G.: Senza sale l’organismo muore, e in fondo non è grande danno, ma senza amore si diventa assonnati, fragili, avari, larve d’uomo. Ma non era facile parlarne in famiglia. Tutti a casa mia, anche le donne, erano contrarie a quella parola da donnette. L’unica ad ammettere che l’amore era degno di essere preso in considerazione era mia madre, ma la faceva così complicata! Doveva essere un amore libero da convenzioni, da ricatti psicologici o finanziari… Insomma era meglio stornare il discorso sulla Grecia antica, la politica o la filosofia…
I.: Tua madre, Maria Giudice! Grande intellettuale rivoluzionaria.
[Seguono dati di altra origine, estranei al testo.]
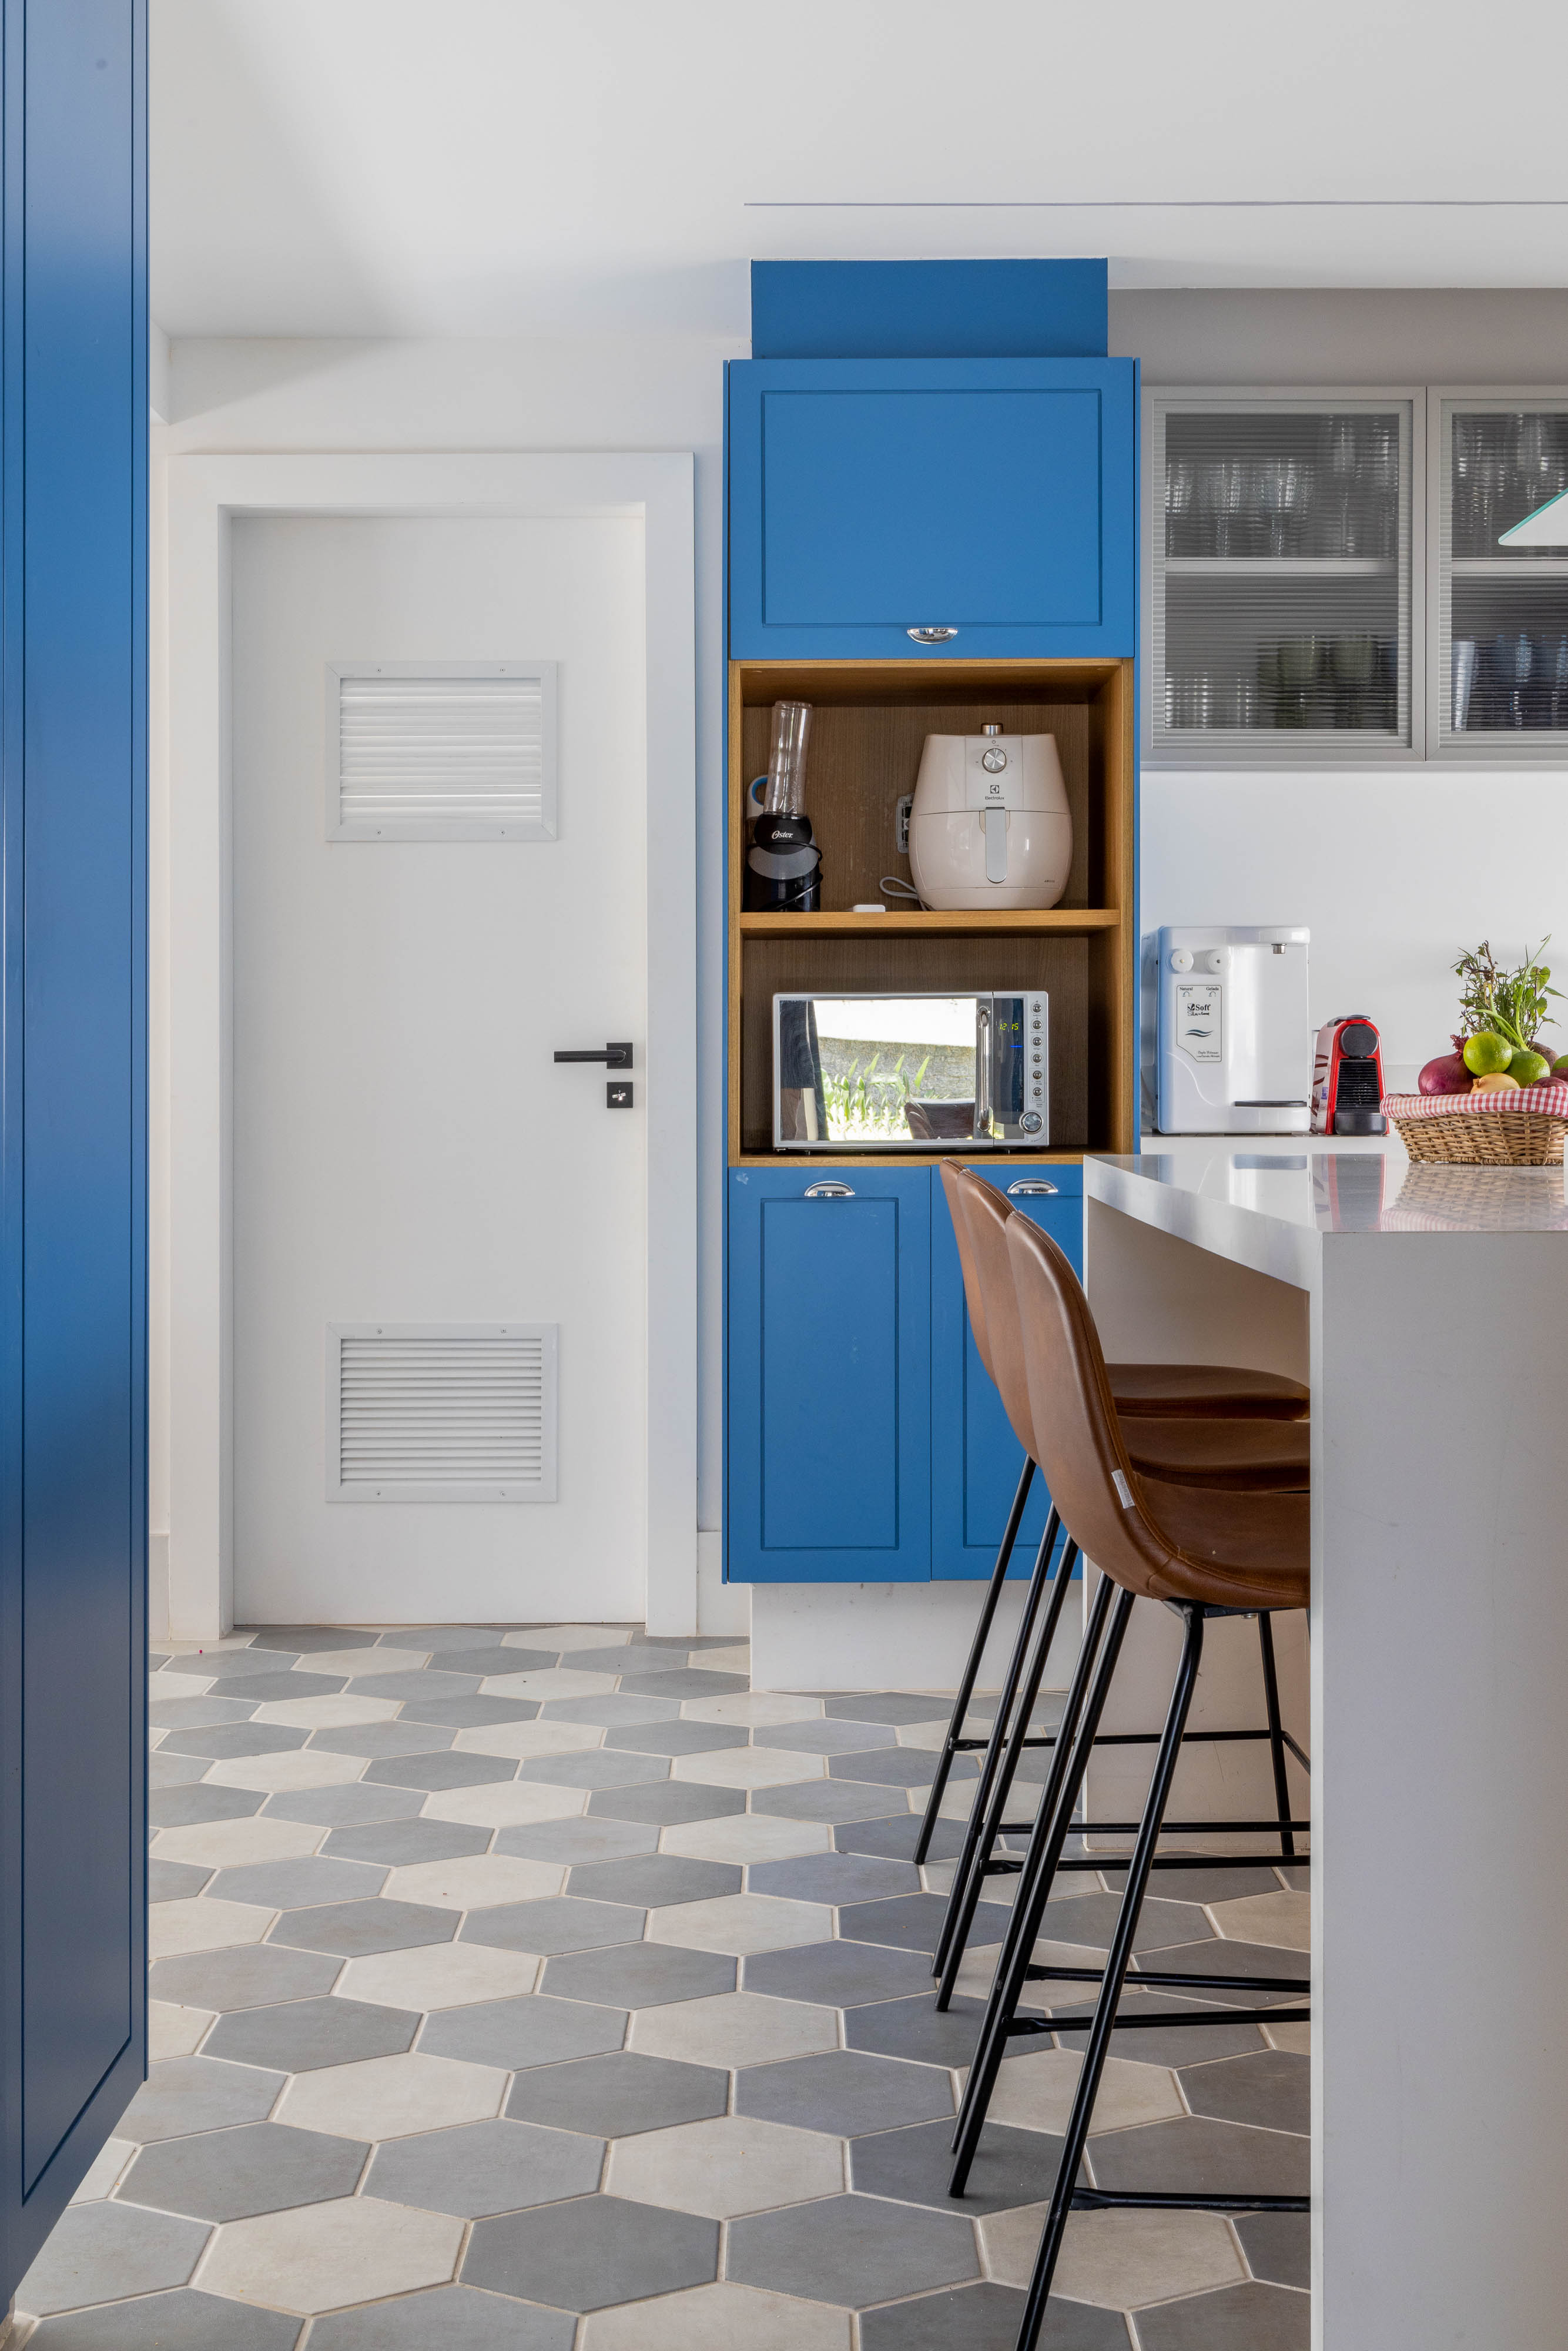 Cozinha em tons de azul e madeira é o destaque desta casa no Rio

G.: Su Maria non mi soffermo perché, come mio padre, è conosciutissima: era stata pure lei in galera per il bene degli oppressi. Studiava, e allora dovevo studiare anch’io per diventare come lei. Ecco la donna che Jean non avrebbe potuto non amare, se l’avesse incontrata. È stato mio fratello Ivanoe che si è preso cura di me in modo materno. La zia Grazia si indignava: Povera figlia, che unghie! Non è possibile che tua madre non te le tagli mai! Diceva. Oh, ma che razza di mutandoni porti? Sembri incinta, povera figlia! È possibile che tua madre… Mia madre chi? Rispondevo. Ivanoe? Ma Ivanoe deve dare tre esami…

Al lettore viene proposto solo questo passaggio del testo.